Economics will drive this stuff, always does. The Govt may try to push these things along but if its not viable, it has no long term live. Tesla is ahead of its time. Too expensive to really penatrate the market with current conditions. As is stated before the battery recycleing costs will be borne by the consumer. All that said I have a prius and it has been a great commuter car for me since 2000. Do prius owners have to swap out a dead battery pack every 3 to 5 years? no, that is not the case. Does the energy with a battery vehicle come for free? No, and yes it will consume fossil fuels for some time to come (not, years but decades if not centuries). The trick of the electric drive is that it *can* be more efficient in getting you from point A to B with less carbon (a oil fired power plant sucks much more ergs out of a gallon of crude than your car engine does) so it *can* get better mileage. As was stated, my prius gets 44 mpg in the real world. That is with a gas engine so it doesn't *quite* match a jetta TDI but is better than a corolla. I wonder what a diesel hybrid would get? Same ad a TDI on the highway but better in town I bet. At what cost? 2 to 4k for the hybrid drive stuff. For me as an early adopter I have FINALLY broken even on my investment in that car. Now the extra mileage is gravy to me the longer I hold onto it versus a regular car I could have bought 12 years ago. Thats a stinky payback rate but at least I am a bit above water now. And the car really is comfy and QUIET, make the commute much nicer that a typical econo box car so it ended up being worth it to me. Will I do a hybrid again? tough choice but I think not.

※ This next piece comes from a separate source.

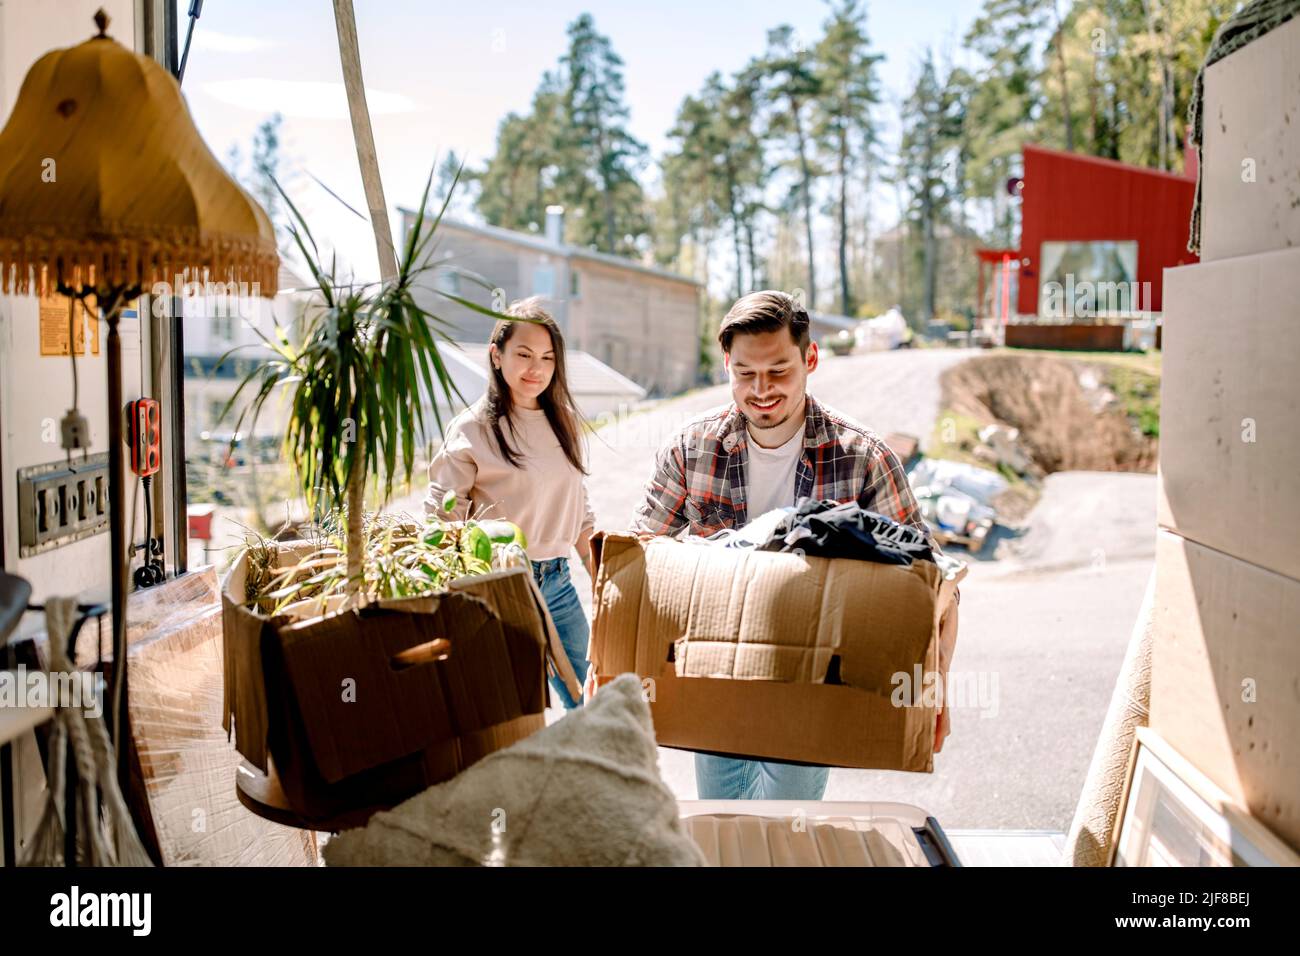 Couple picking cardboard boxes from delivery truck on sunny day Stock Photo

So electric dirt bikes... The biggest advantage I can see is with those bikes is that we should be able to have riding areas closer to the general population. If they have no 4T noise to complain about the number of riding areas should at least slow down in rate of decrease (if not open up electric only parks nearby neighborhoods). This is enough of an advantage right there in my book to think these bikes are an OK idea. Plus, riding one really might be a "gas" with an absolute flat torque curve and no engine sound... But the operating cost has to come down and the performance start to get close to one of my current rides for me to consider a purchase. Again, it REALLY is all driven by economics. When gas hits $10 a gallon (not too far with most of the 3rd world now getting with the automobile program driving up demand I am afraid) or even higher, it may be closer than some think. Hard to say really. Future is fuzzy enough to me that I am not making any bets.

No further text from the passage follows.